10 Julia Packages You Should Learn for Data Science (in 2020)
Subscribe to RichardOnData here: https://www.youtube.com/channel/UCKPyg5gsnt6h0aA8EBw3i6A?sub_confirmation=1
In this video, I discuss ten Julia packages that any aspiring or current data scientist who is picking up Julia should be acquainted with in 2020. While Julia is a general purpose programming language, I am targeting people with interest in data science here.
1. IJulia
This package enables use of Jupyter notebooks or JupyterLab. This is a helpful environment for programming in as well as creating reports and outputting them to HTML, MD, PDF, etc. It also provides options for other Julia kernels.
Documentation: https://www.juliaobserver.com/packages/IJulia
2. DataFrames
This is Julia's answer to Pandas in Python, or tidyr/dplyr in R's tidyverse. It provides the DataFrame object, which will be the basis for much data analysis and wrangling, and provides functionalities for selecting columns, filtering rows, sorting datasets, creating new variables, joins, converting datasets from wide to long, etc. You can use the CSV package to read in datasets or create them yourself. It also has functions inspired by Hadley Wickham's Split-Apply-Combine approach and a very helpful describe() function.

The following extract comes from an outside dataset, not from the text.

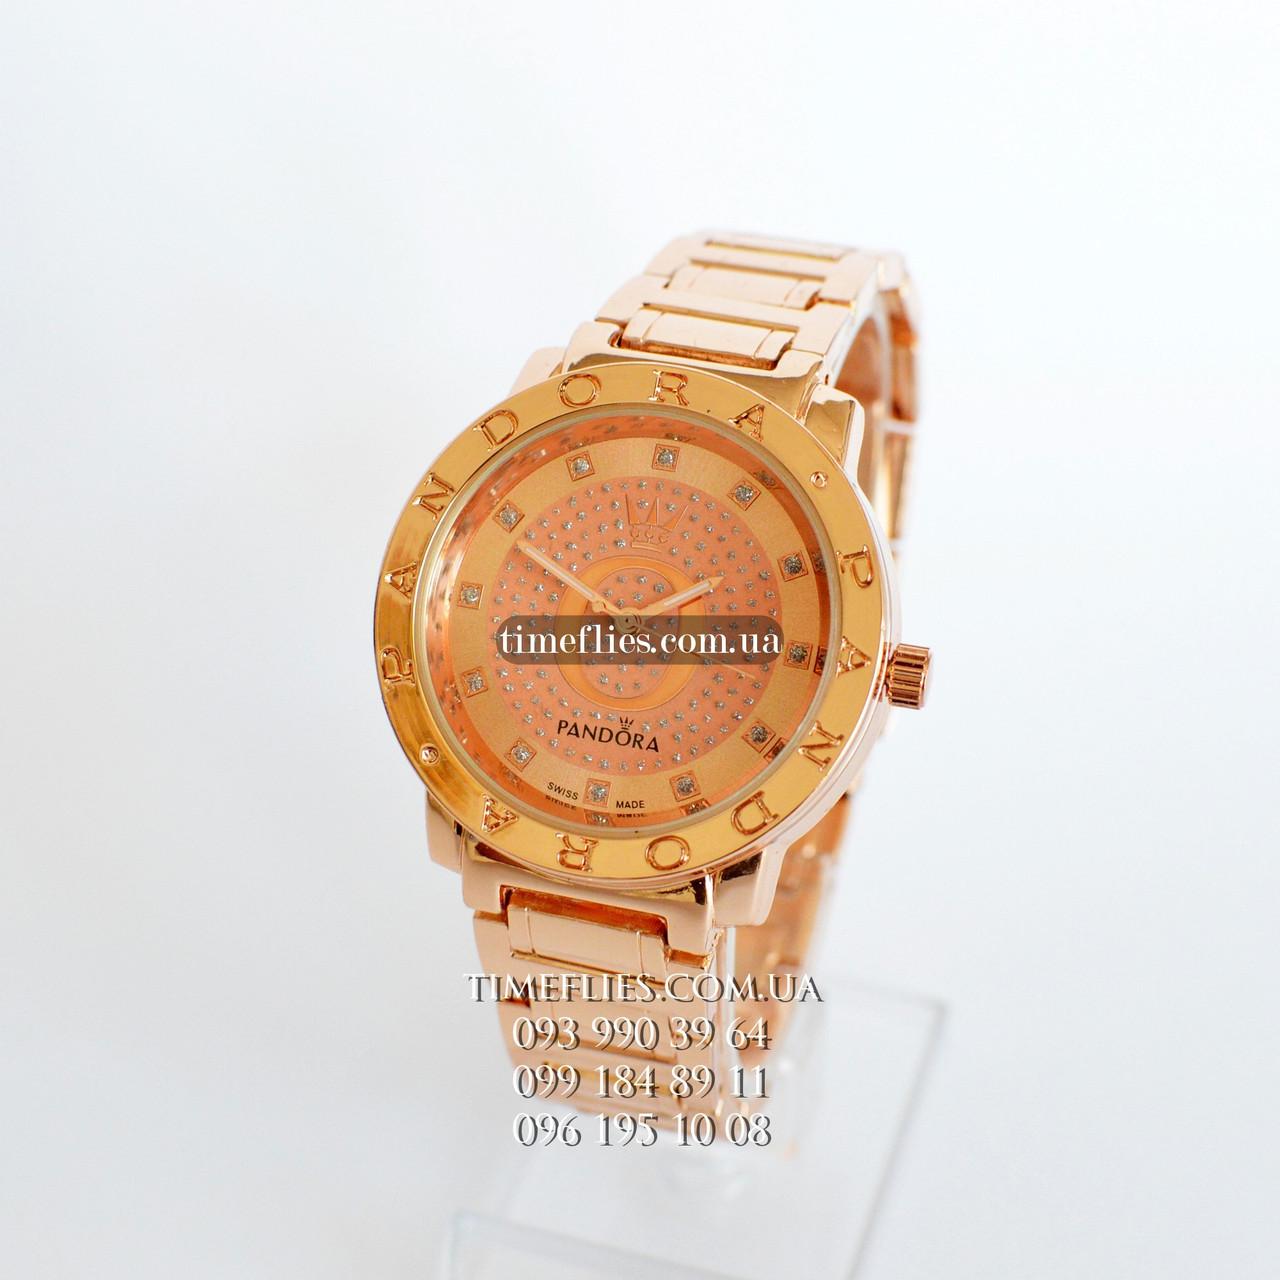 Pandora №21 Кварцевые женские часы
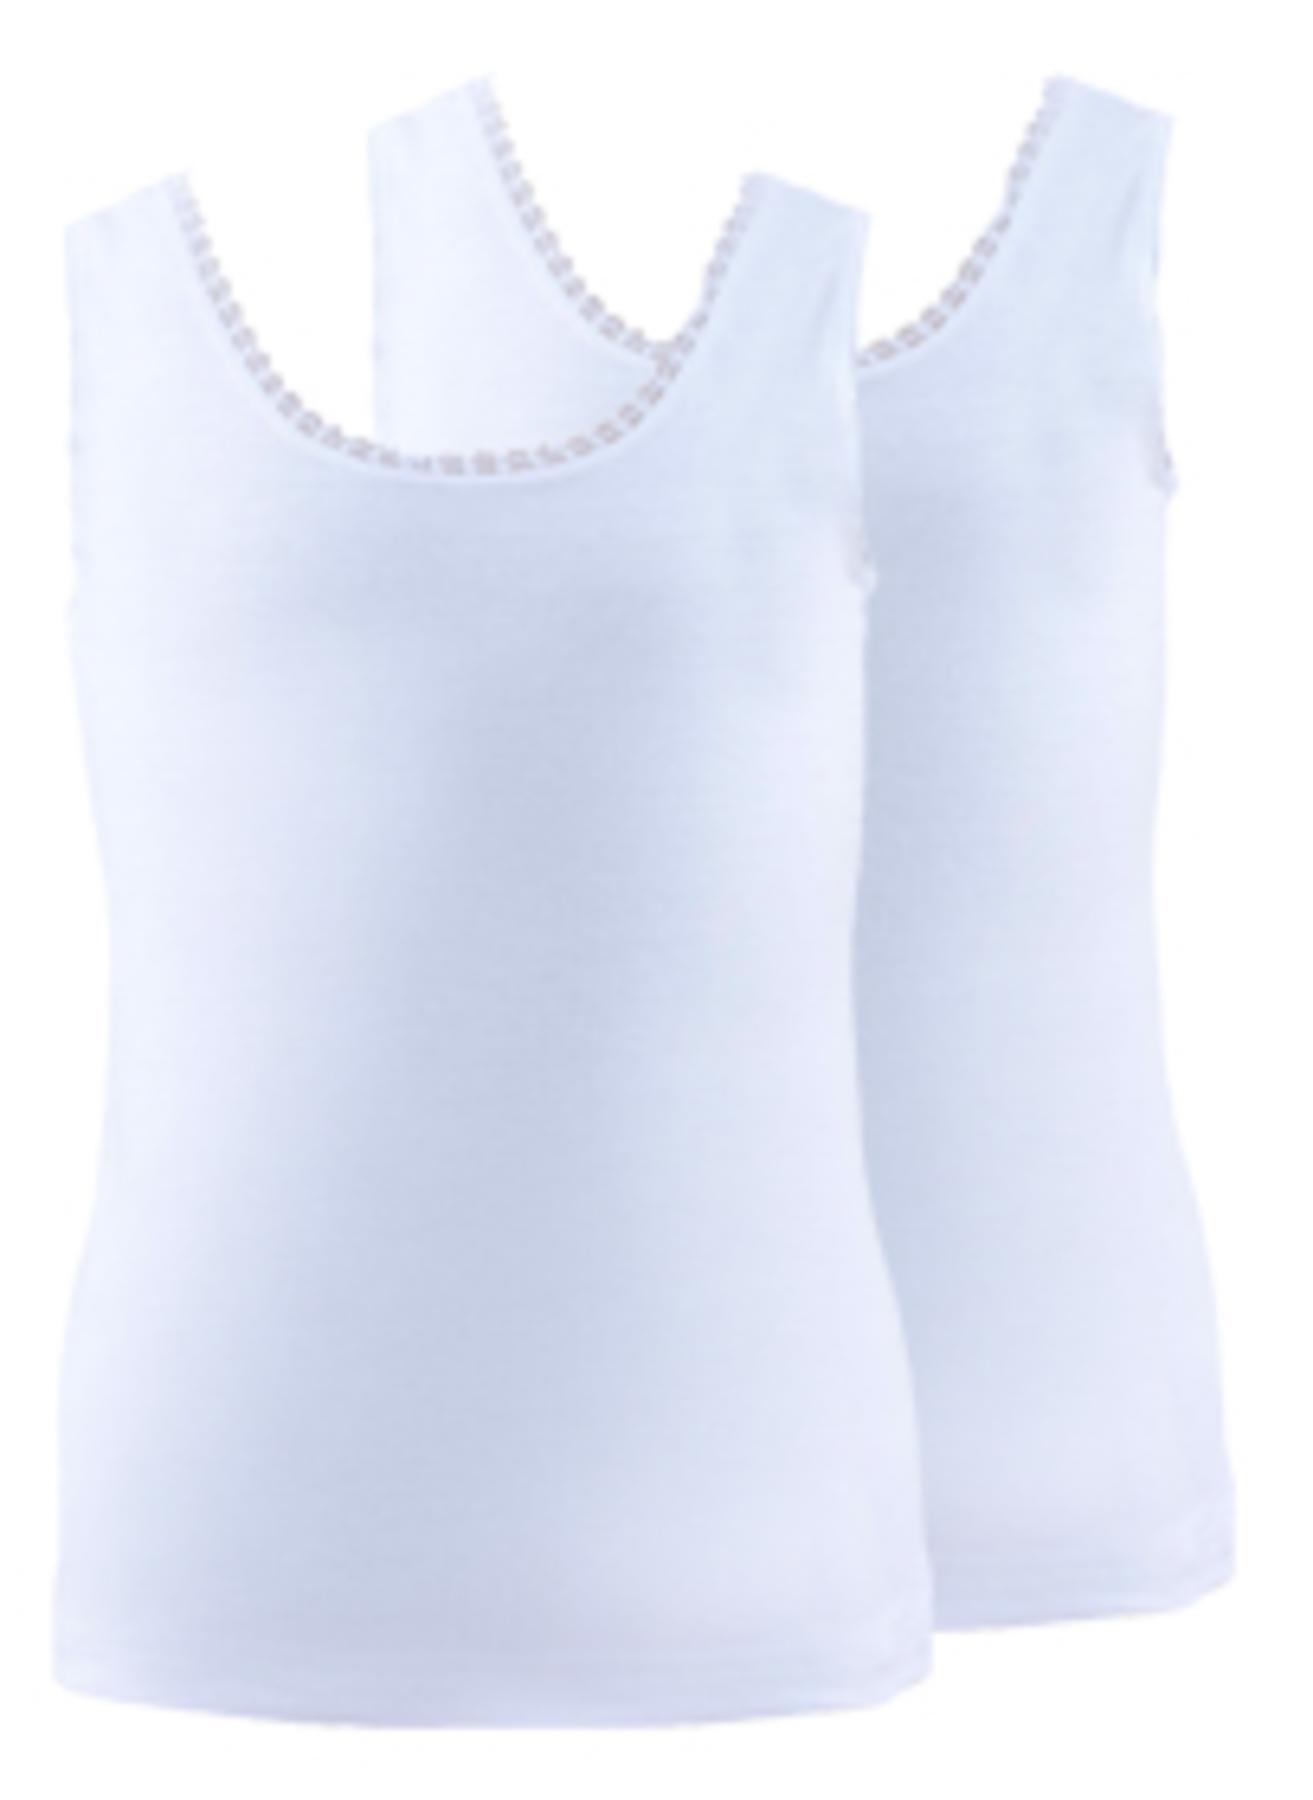 152 cm Kadın Beyaz Blackspade 2'li Kız Çocuk İç Giyim Atlet 5000071979001 Ev & &Fanila

Documentation: https://juliadata.github.io/DataFrames.jl/stable/
3. Plots
This is a very basic and easy to use visualization library which can be thought as an interpreter for various other plotting libraries. It supports various different backends, most notably Plotly. It is very customizable, offering options for layouts, colors, attributes, and objects. Note there are also "recipes" (extensions of the Plots framework) that enable Plots to perform different plot commands, use different functions, and handle different data types.
Documentation: http://docs.juliaplots.org/latest/tutorial/
4. VegaLite
This is my personal favorite visualization library for Julia, even moreso than the Gadfly library. It functions through a grammar of graphics framework, with core macro @vlplot.
Documentation: https://www.queryverse.org/VegaLite.jl/stable/
5. RCall
As the name suggests, the RCall package enables the use of R code in Julia, either from the Juno REPL or from Jupyter. It is particularly helpful because objects can be created using R and passed to Julia functions or vice versa.
Documentation: http://juliainterop.github.io/RCall.jl/stable/
6. Distributions
This package can be used for creating statistical distribution objects as well as sampling from them. This includes the Normal, Exponential, Uniform, Binomial, Gamma distributions and more. Another very helpful feature is finding the best fit from a theoretical distribution using the empirical distribution.
Documentation: https://juliastats.org/Distributions.jl/latest/
7. PrettyTables
This package can be used for formatting tables, using either text, HTML, or LaTeX backends. It is also customizable for options like alignment, printing rows satisfying certain conditions, etc.
Documentation: https://ronisbr.github.io/PrettyTables.jl/stable/
8. GLM
The GLM package is helpful for creating either a linear regression model with extractable methods (R2, estimates of coefficients, etc.) or other generalized linear models.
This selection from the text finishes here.